I had an interesting conversation with Ryan the other day regarding Harpoon's Twitter account. Neither of us have a great strength in marketing, nor do we have a ton of followers on our individual Twitter accounts. We've always stayed plenty busy with client work despite our lack of self-promotion. But with Harpoon we know we'll need to step out of our design and development comfort zones and step up our marketing efforts if the product is to be successful.

I Feel Dirty

So we started reading up on marketing strategies. It hasn't been easy. Have you ever tried to Google marketing topics? It's a dark world full of shady SEO articles and link bait blog posts that leave me feeling dirty after wading through them. Hard to find quality advice to say the least. But most of these articles make a big deal about the importance of Twitter followers to the success of a web product. I don't know if that's true, but the more the merrier seems to be the consensus.

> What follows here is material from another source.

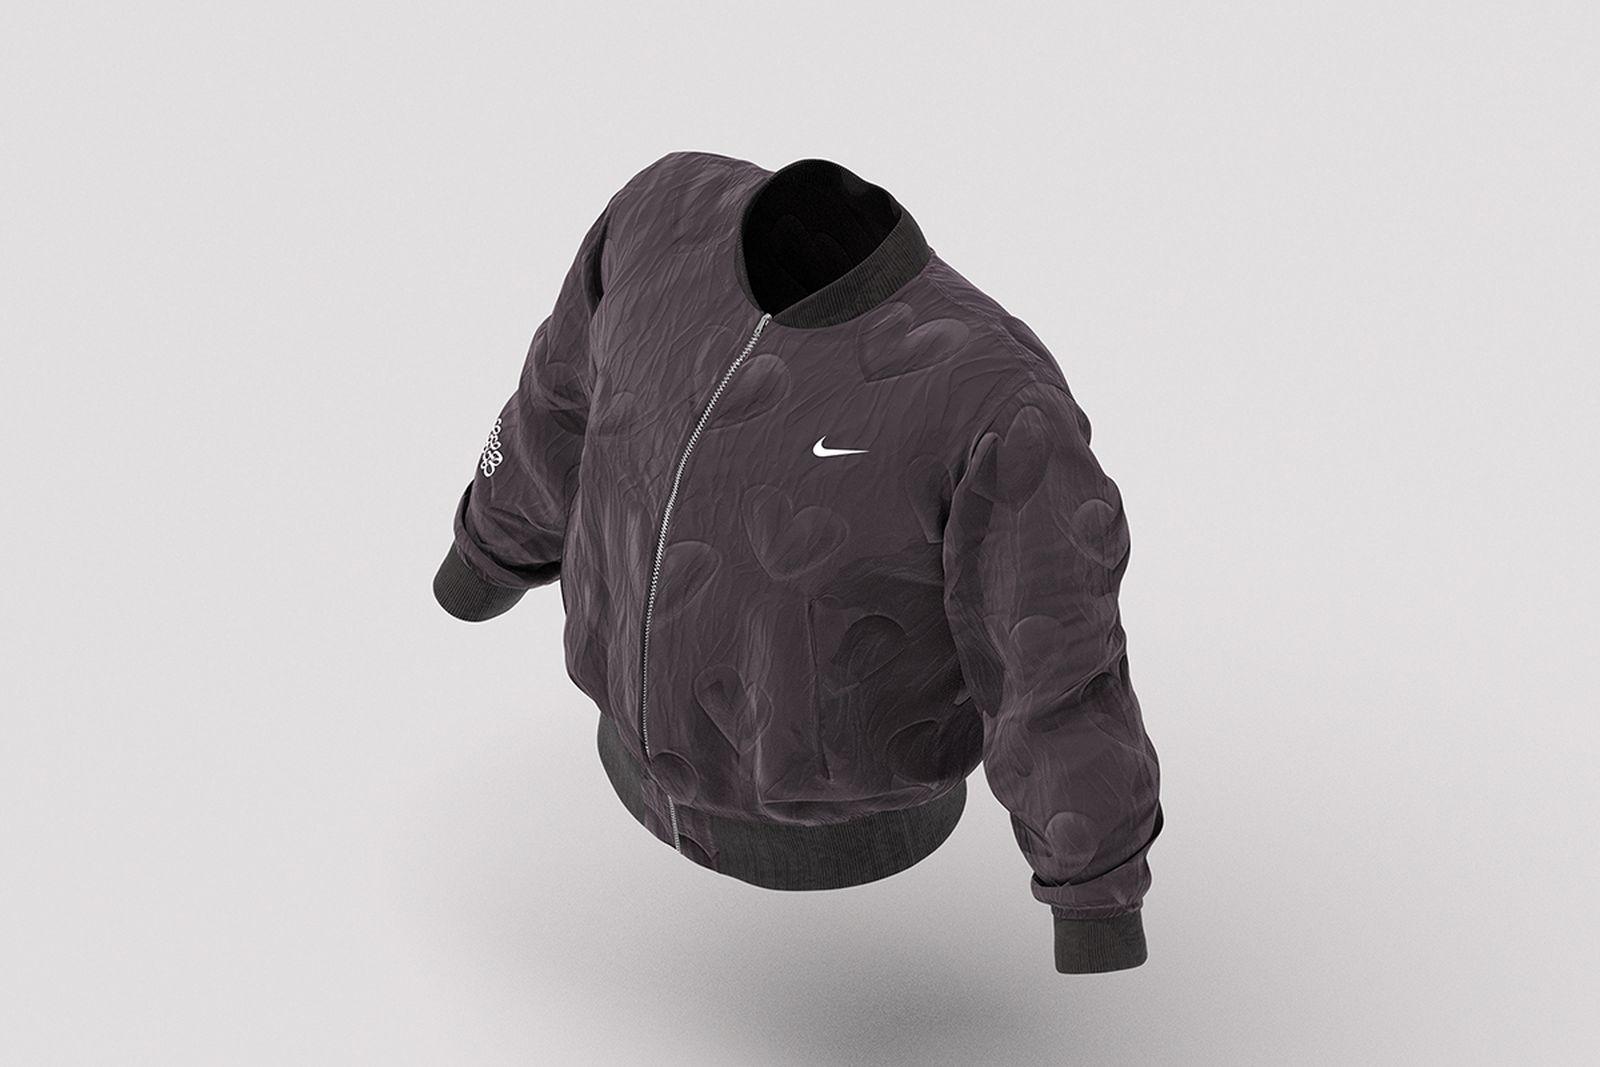 Drake Certified Lover Boy Nike merch

How do you get these followers? Well, according to the shady articles you basically start following the crap out of anyone and everyone related to your topic of interest (in our case #freelancing) and hope they follow you back. If they don't, unfollow them. Nice. Also start tweeting and retweeting any link that might put you on the Twitter radar for your topic of interest. Don't even bother reading the articles. That'll just slow you down.

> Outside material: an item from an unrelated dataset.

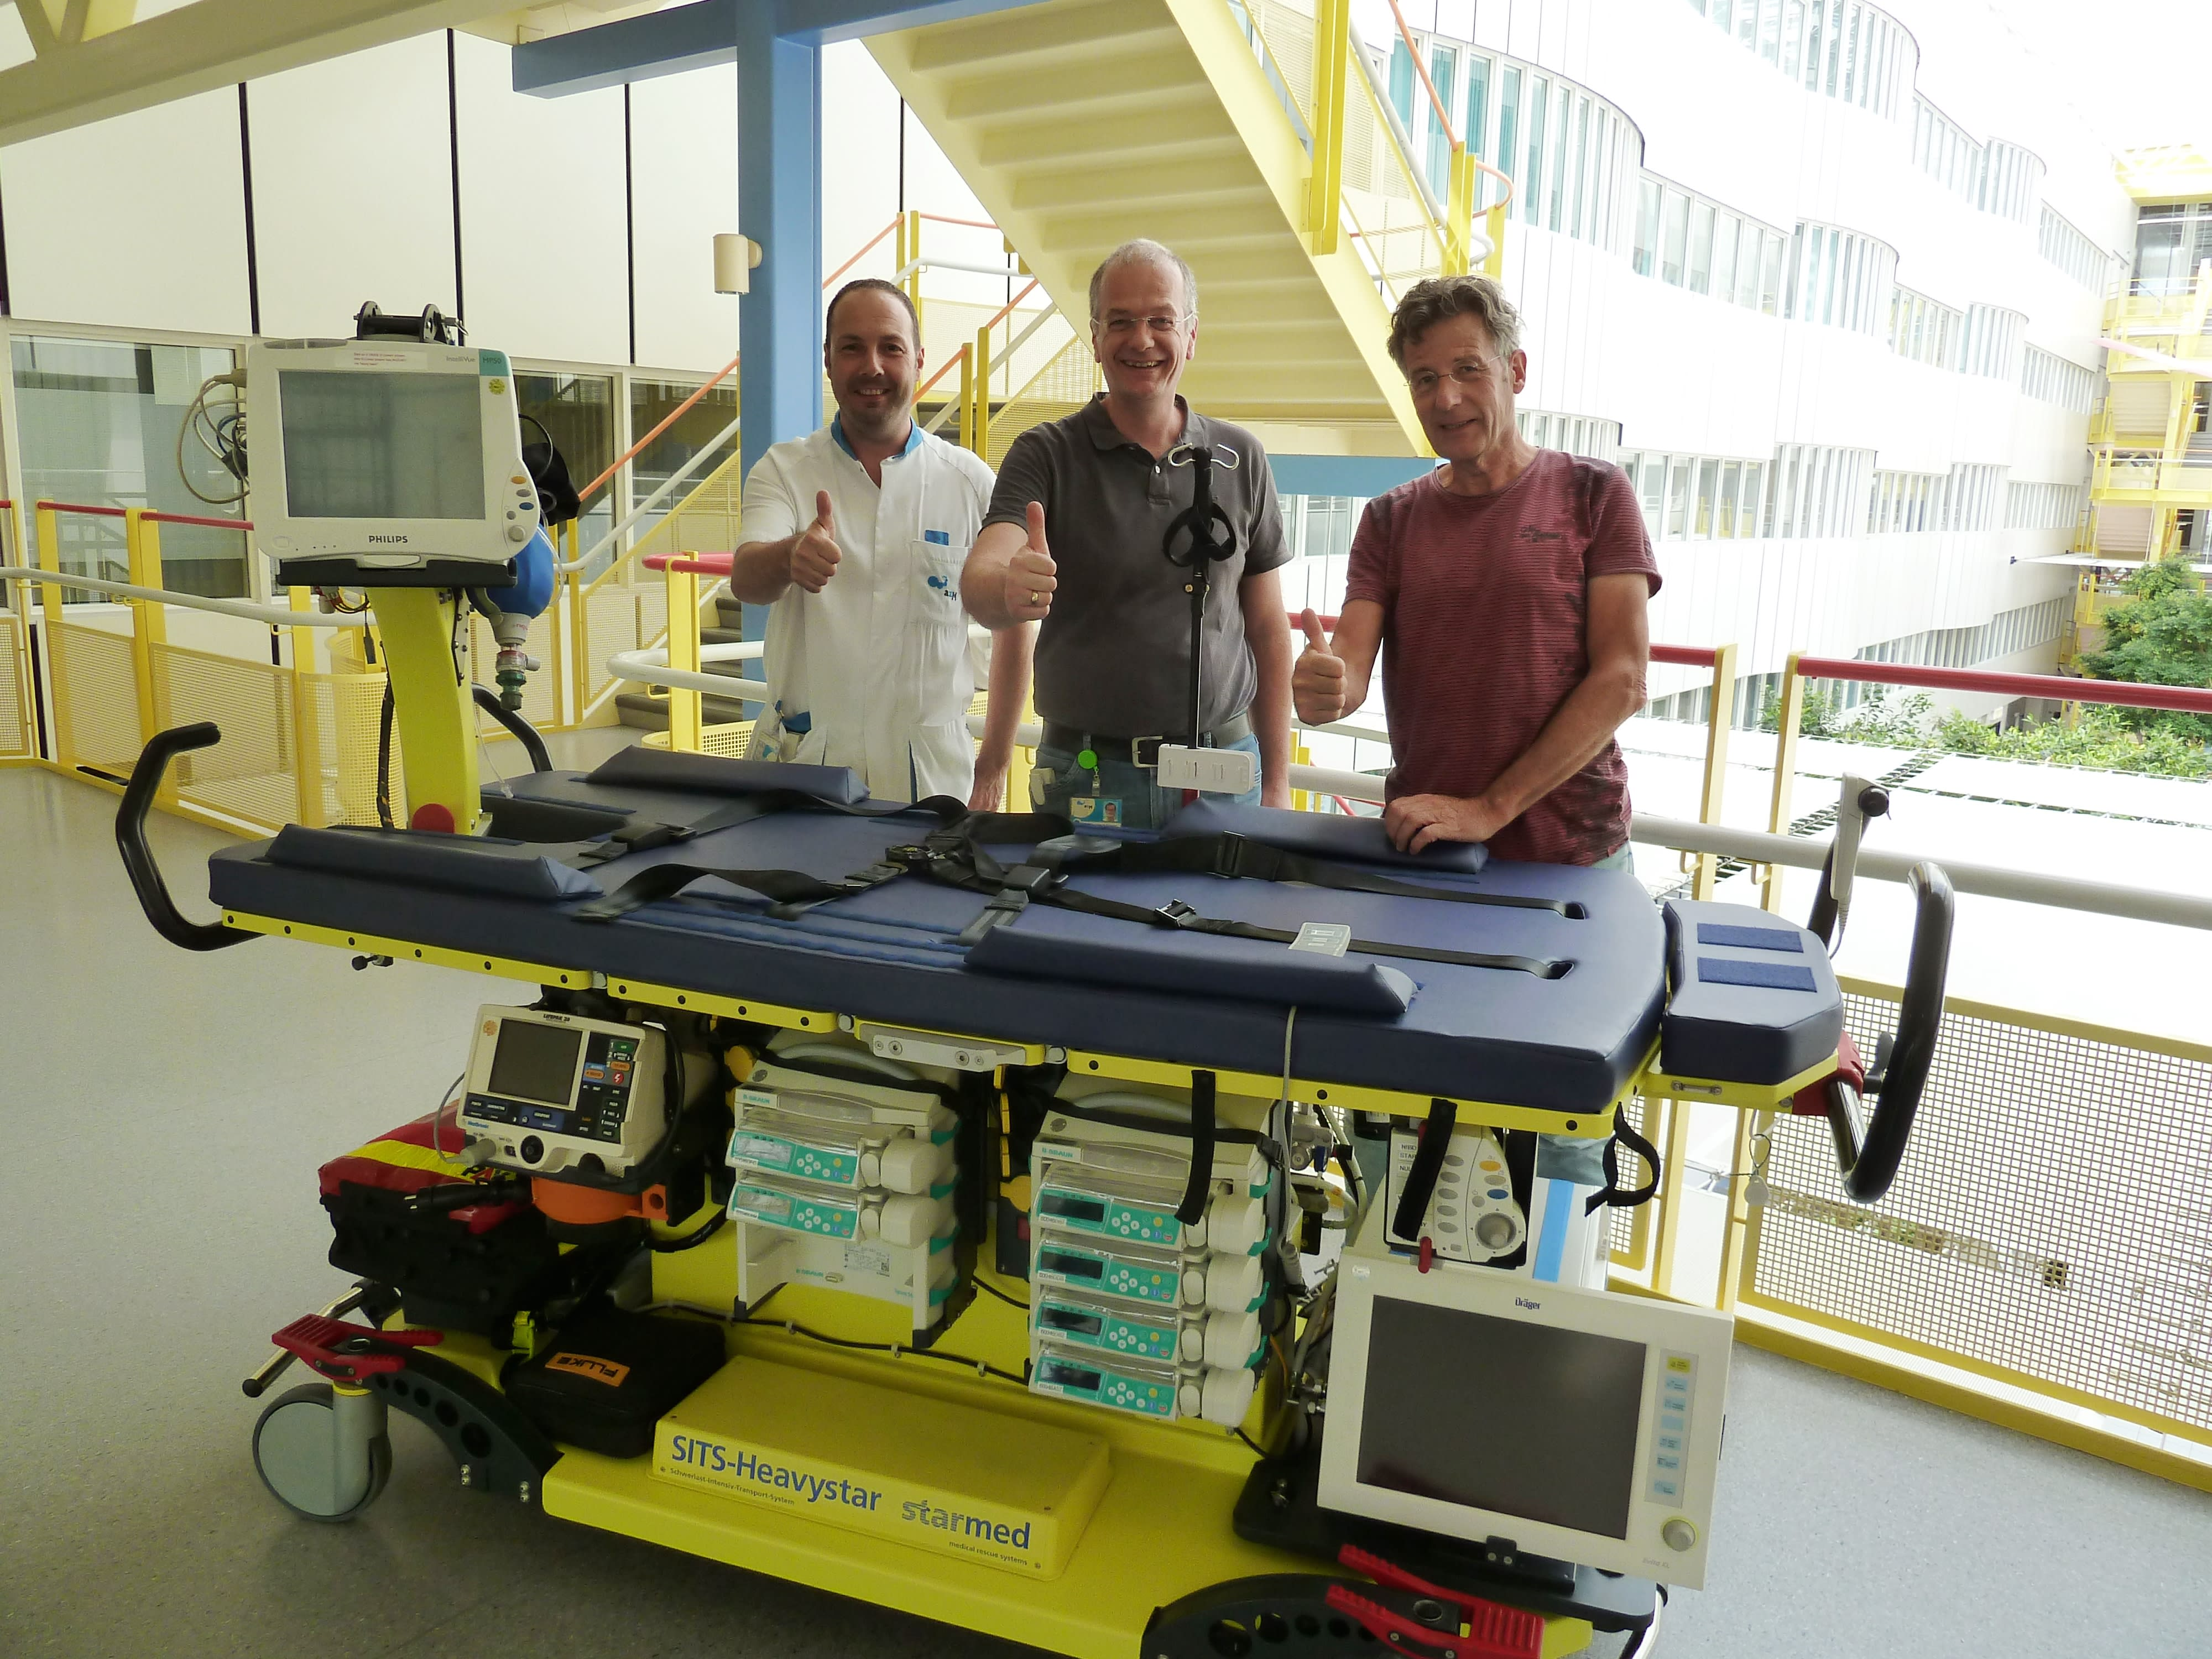 UMC Maastricht 3 Herren hinter Transportmittel

Now when I see other Twitter accounts doing what's described above my stomach turns and I avoid them like the plague. But this time the shoe is on the other foot. This time we're the ones trying to get attention. And wouldn't you know it we started following the advice of the marketing strategy gurus. First we found some list with a bunch of "suggested" people to follow. Then we built up a queue of auto-generated articles to tweet automatically, spread out during suggested times of the day. I feel dirty just talking about it.

Back to Reality

Halfway through the first morning of this "strategy" we called an all-hands meeting. This wasn't going to work. It's not us. It's not who we are. It's not how we want to succeed. We're building Harpoon because we're passionate about the product. We're passionate about having 100% control over the quality of the product, and we now know that needs to include how we market it if we want to be able to look ourselves in the mirror.

So we wrote some simple Twitter guidelines for Harpoon:

  • We'll only follow accounts we're genuinely interested in as a company.
  • We'll follow back anyone who has a genuine interest in us.
  • We'll only tweet links to articles we enjoy ourselves, and consider genuinely beneficial to our potential user base.
  • We won't flood our stream with too many links. We've agreed on three per day at the most, but even that might be too many.
  • We'll only butt into conversations if we have something genuine to contribute that's beneficial to others in the conversation.
  • We won't do anything on Twitter for the sake of promoting ourselves at the cost of being a burden to anyone else.

That feels better. No gimmicks. No shortcuts. Just us.

No, we're not marketing experts (yet), but you can't go against your gut. And in the end hopefully the relationships we'll build on Twitter, although maybe not as high in quantity, will be much higher in quality. We'll see how this plays out.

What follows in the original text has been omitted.